Governance: Reclaiming the Grid

Portland's City Repair

By Sarah Kavage

Since 1996, Portland’s City Repair has been transforming the nature of public space and the dialogue that surrounds it. A nonprofit organization dedicated to creating public gathering places with creativity, artistry, and compassion, City Repair is a catalyst for neighborhood-based interaction and transformation. Most of City Repair’s projects focus on what they call “Intersection Repair,” which turns intersections into public gathering places. Despite early opposition, the City of Portland has embraced the idea, and City Repair has become a model for citizen-driven neighborhood improvement.
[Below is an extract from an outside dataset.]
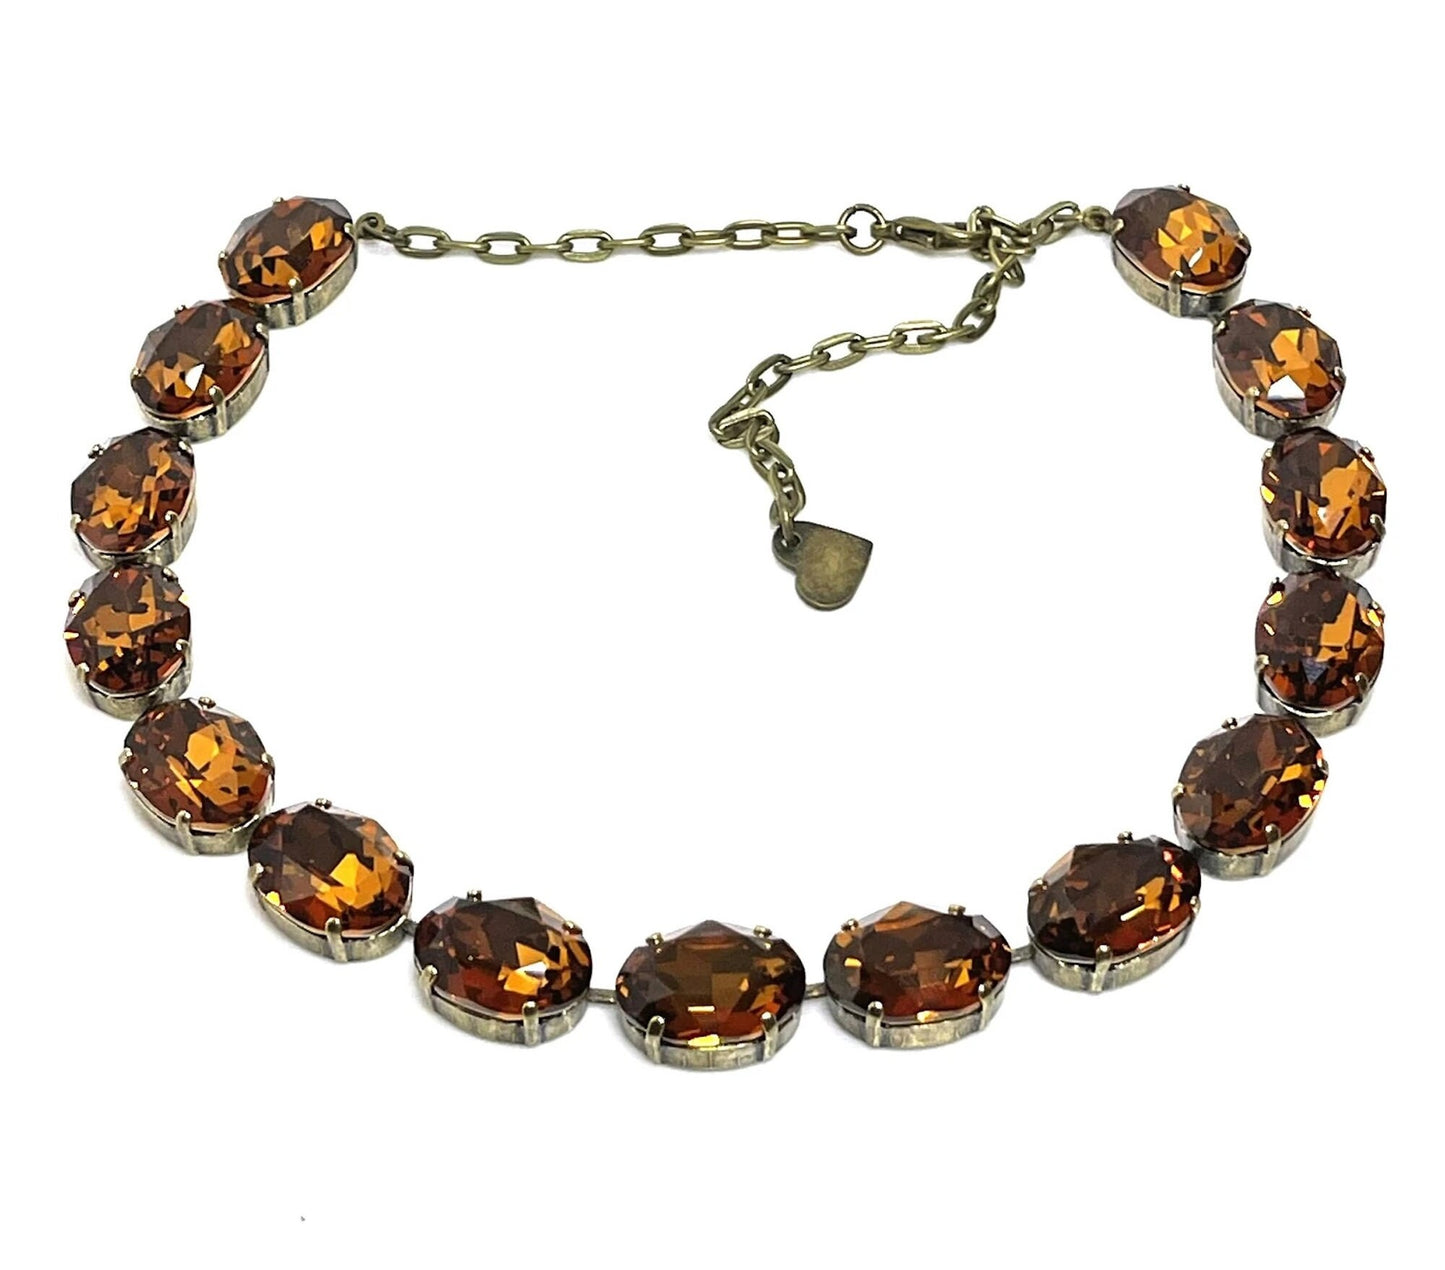 Smoked Topaz Crystal Georgian Collet Necklaces, Anna Wintour Style, Austrian Crystal, Riviere Necklace, Statement Necklaces for Women

The first Intersection Repair grew out of one man’s despair, strategic and unified neighborhood action, and a little bit of luck. In the early 1990s, Mark Lakeman, one of City Repair’s founders, returned to Portland after living with indigenous Mayan people in southern Mexico. “I was in culture shock,“ Lakeman recalls. “The only way I could begin to survive was to try to recreate places where people could begin to talk with each other. I was living in this neighborhood where no one was talking, no one was interacting on the street, and I had just come from places where the commons was everywhere.” In response, Lakeman and a few friends constructed a “renegade teahouse” in a backyard in Southeast Portland’s Sellwood neighborhood–an inviting, transparent structure made from recycled wood and plastic sheeting–and began opening it up to neighborhood residents for weekly potlucks. 
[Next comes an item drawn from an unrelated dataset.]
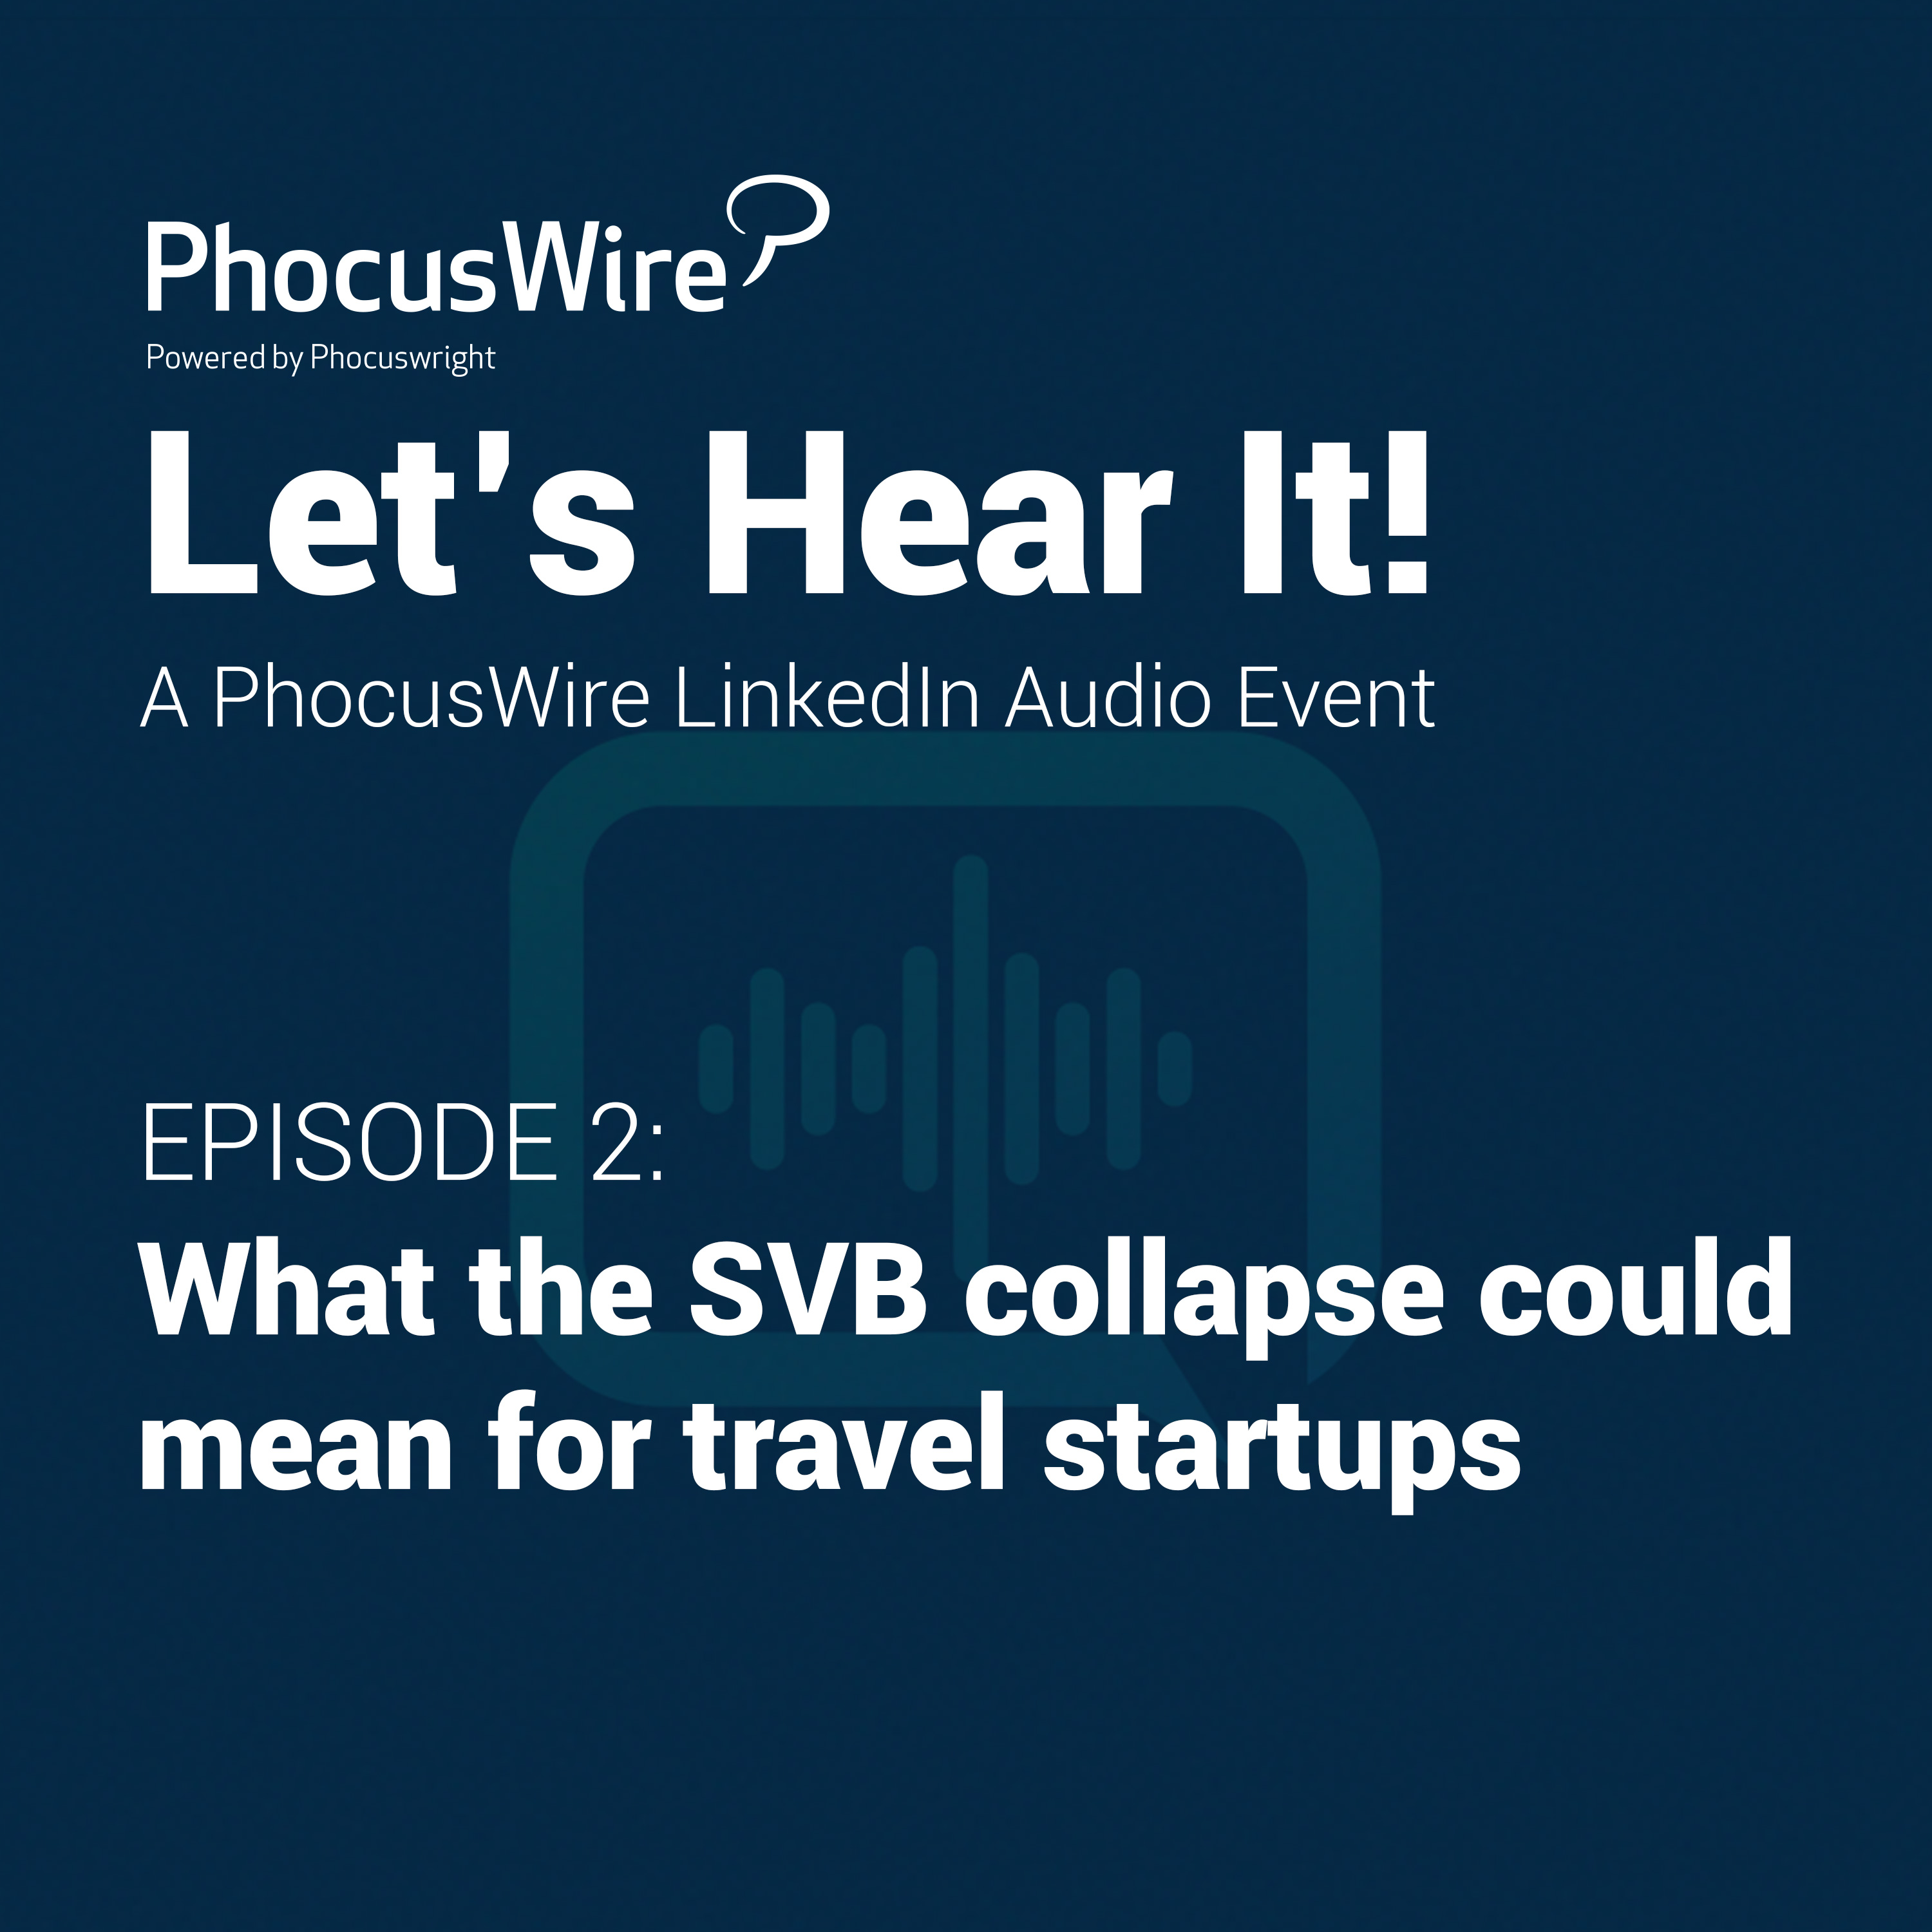 What the SVB collapse could mean for travel startups

By the time the city found out about the structure and condemned it, the teahouse had already served its purpose: beginning the dialogue about the function and structure of public space. According to Lakeman, “offering up private space for the public good broke down a lot of barriers. But it was more of a mental landscape shift; all that the space was doing was facilitating the opening of people’s imagination. We weren’t even thinking about [Intersection Repair] at that point, we were thinking about the teahouse. When the city [made us take down] the teahouse, the momentum that we’d built suddenly leapt into the intersection.”

If Lakeman describes the move from backyard to intersection as intuitive, it is likely because the concept of intersection as gathering place is still familiar to us. Intersections functioned as the first public plazas and had a huge impact on our early spiritual, social, and cultural lives as places for performing rituals, exchanging goods, and socializing. It was only in modern times that intersections became the province of motorized transport, with people relegated to its periphery. Still, the concept of the crossroads remains deeply imprinted on our collective psyche, even if that role is now largely symbolic.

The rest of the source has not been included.